With timeless rhythms, accessible tunes, and words you can (usually) make out, Crowbar Hotel’s debut CD, Other Lives, eschews alt-rock tangents in favor of the deep roots of southern rock and urban blues-rock, with a healthy spicing of Creole-funk. The band begins with a solid core of guitars, drums, and melodic rambling keyboard (from Kurt Wolak), playing tunes reminiscent of the Neville Brothers and Little Feat, and then surprises with jazz changes la Steely Dan. But this is no slavish imitation — just a natural latching on to proven styles. Add in the occasional accordion or horn section, and the music also embraces zydeco, reggae, and even calypso sounds.

A key element of the band’s sound is the voice of lead singer John Latini. Recalling the raspy, liquor-soaked growl of Tom Waits, Latini’s soulfully controlled vocals animate the stories of the songs. At once smooth and rough, his singing sounds alternately celebratory, remorseful, seductive, and dangerous. The moods match the tunes (most written by Latini and Wolak), which range from the affectionate “Business to Business” (“I’m gonna marry my heart to yours / We’ll merge like department stores”) to the tough attitude of street-fighting “Louie” (“Stay off the street, easy meat — he’ll make your life complete”).

The eponymous blues ballad “Crowbar Hotel” is arguably the strongest number here, and it also best fits the formula for a hit, with its memorable chorus and easily deciphered lyrics. (Other songs, harder to follow, are kept somewhat at arm’s length.) In a heartbreakingly slow tempo, the song deals with a blues commonplace — a girl cheats on a guy, and he takes revenge.

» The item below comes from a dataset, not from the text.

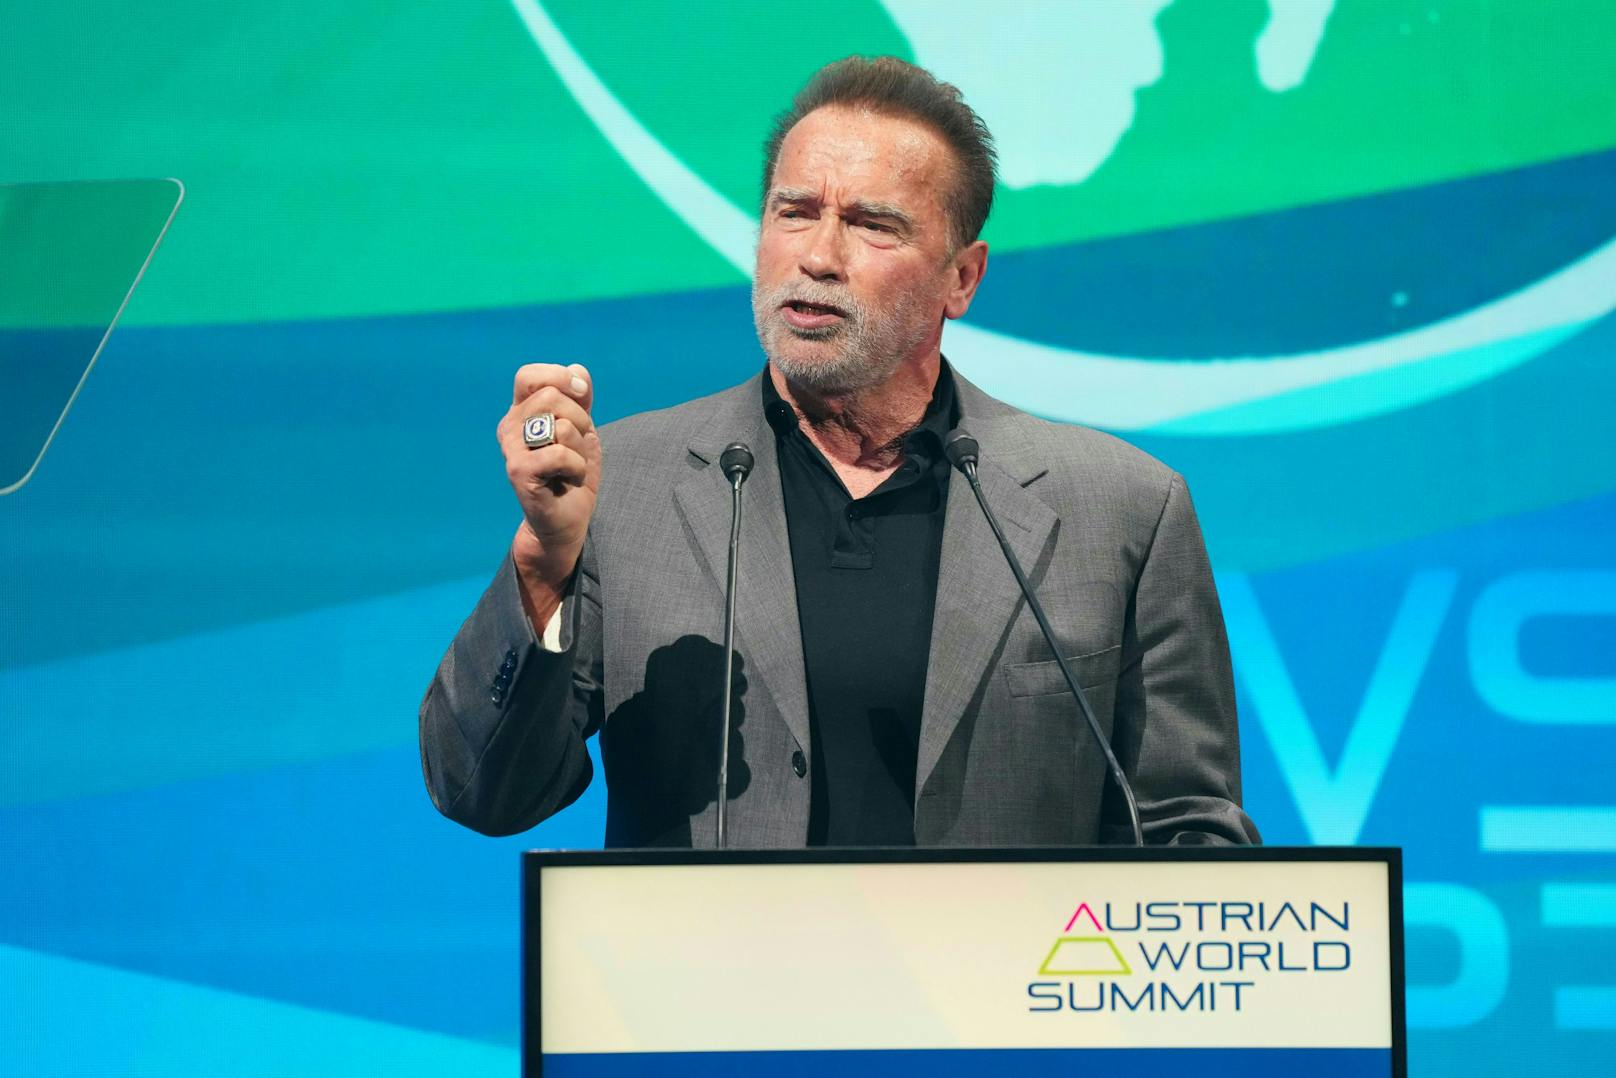 Arnold Schwarzenegger könnte sich eine US-Präsidentschaft sehr gut vorstellen. "Ich sehe so klar, dass ich diese Wahl gewinnen könnte", meint er.

But this song tells the rest of the story, with the cuckold paying the price — “ten years in the Crowbar Hotel” — for his temper: “So I’m all cooped up, such a stupid duck / Gotta push this laundry truck, just plain outa luck / But I rung his clock.” The tight ensemble of musicians (including Sal D’Agnillo on lead guitar and Jim Latini on drums) raises the song’s volume to that of an angry lament but then drops back to a polished whisper, leaving us wondering whether to pity the storyteller or fear him.

Throughout Other Lives, the band and the songs explore contrasts in temperament and mood that make us curious about where this talented Ypsilanti-based group is headed in the future. But on this CD, the band never loses that underlying southern comfort that is as down-home as an old rocking chair.

Crowbar Hotel is at Leopold Brothers on Wednesday, April 10, and at Rubber Soul in Ypsilanti on Friday, April 12.